Title
Private key leak via weak OpenSSL PRNG handling with FORK threading
Description
The affected versions of stunnel, when using fork threading, does not properly update the state of the OpenSSL pseudo-random number generator (PRNG), which causes subsequent children with the same process ID to use the same entropy pool and allows remote attackers to obtain private keys for ECDSA or DSA certificates.
When accepting a new connection, the server forks and the child process handles the request. The RAND_bytes() function of OpenSSL does not reset its state after the fork, but simply adds the current PID to the PRNG state, which is not guaranteed to be unique. OpenSSL also seeds the PRNG with the output of time(NULL), which means that vulnerability has to be exploited under a second.
However, mitigations implemented into OpenSSL 0.9.8j make the vulnerability not exploitable in the stock OpenSSL. The signing code for ECDSA and DSA explicitly seeds the pool with the digest to sign. The signing code of the OpenSSL FIPS module does not have that mitigation, but more recent versions of OpenSSL use a high resolution timer to seed DRBG.
Exploitability
The vulnerability is exploitable under the following conditions:
- stunnel versions 2.00 to 4.56 inclusive.
- FORK threading used:
- stunnel older than 3.0;
- FORK threads autodetected, or
- FORK threads selected with "--with-threads=fork".

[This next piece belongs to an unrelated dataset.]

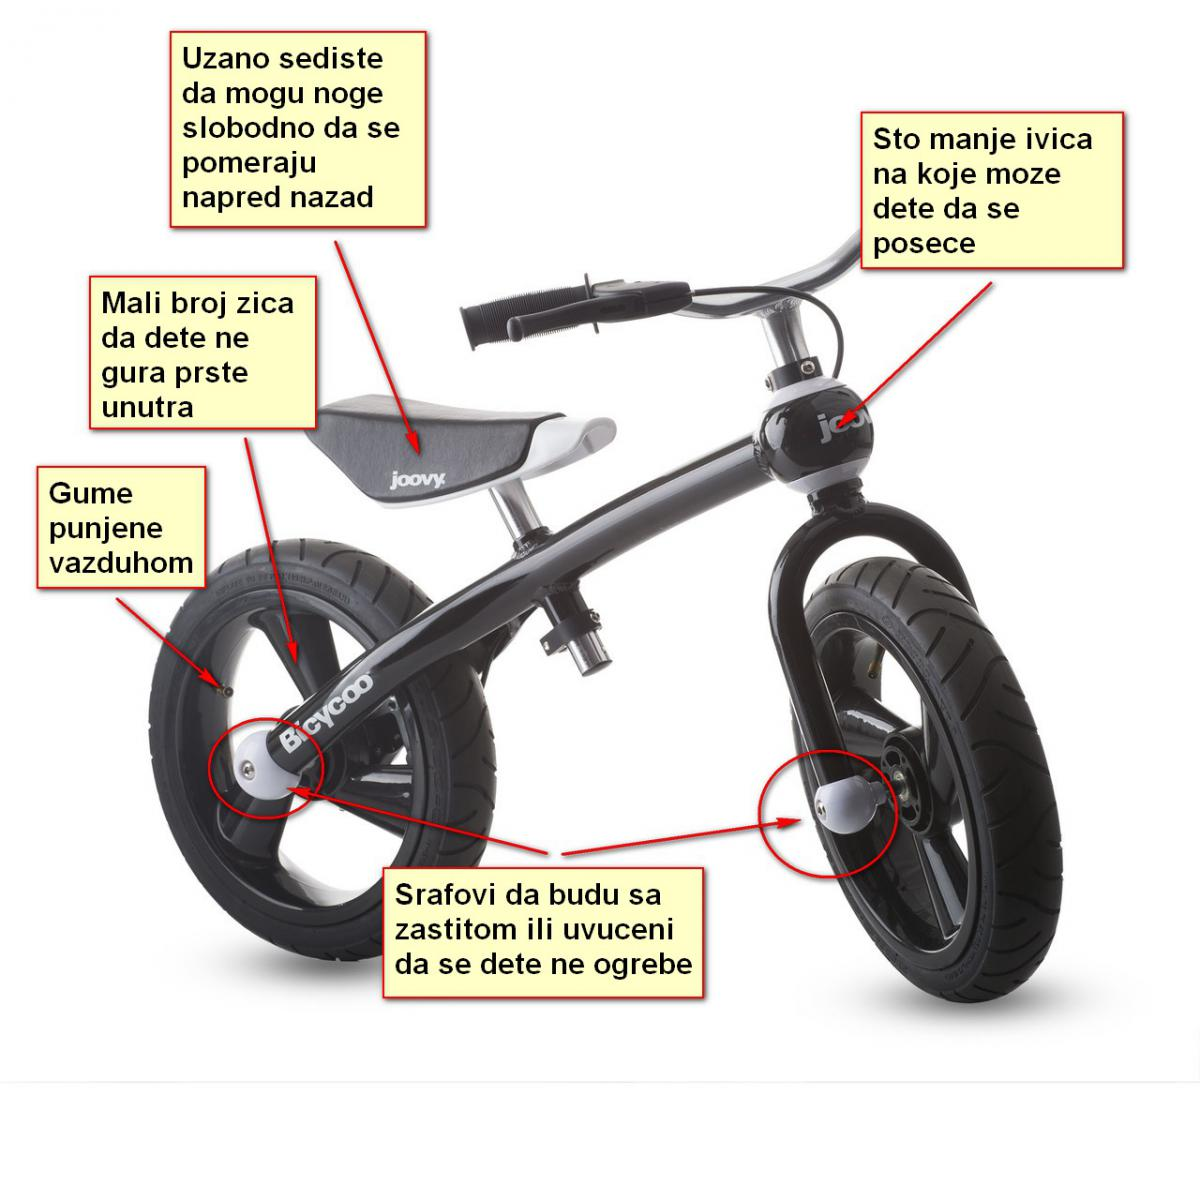 Naučite dete da vozi koristeći balans bicikl - Trening

- ECDSA or DSA certificates used.
- OpenSSL versions earlier than 0.9.8j, or FIPS mode.
Impact
An attacker may be able to extract the private ECDSA or DSA key.
CVSS v2 Score
- CVSS Base Score: 2.6
- Impact Subscore: 2.9
- Exploitability Subscore: 4.9
- CVSS Temporal Score: 2.1
- Overall CVSS Score: 2.1
CVSS v2 Vector: (AV:N/AC:L/Au:N/C:P/I:P/A:N/E:H/RL:OF/RC:C)
Recommendation
Upgrade to stunnel 4.57 or later, or rebuild stunnel with a different threading mode.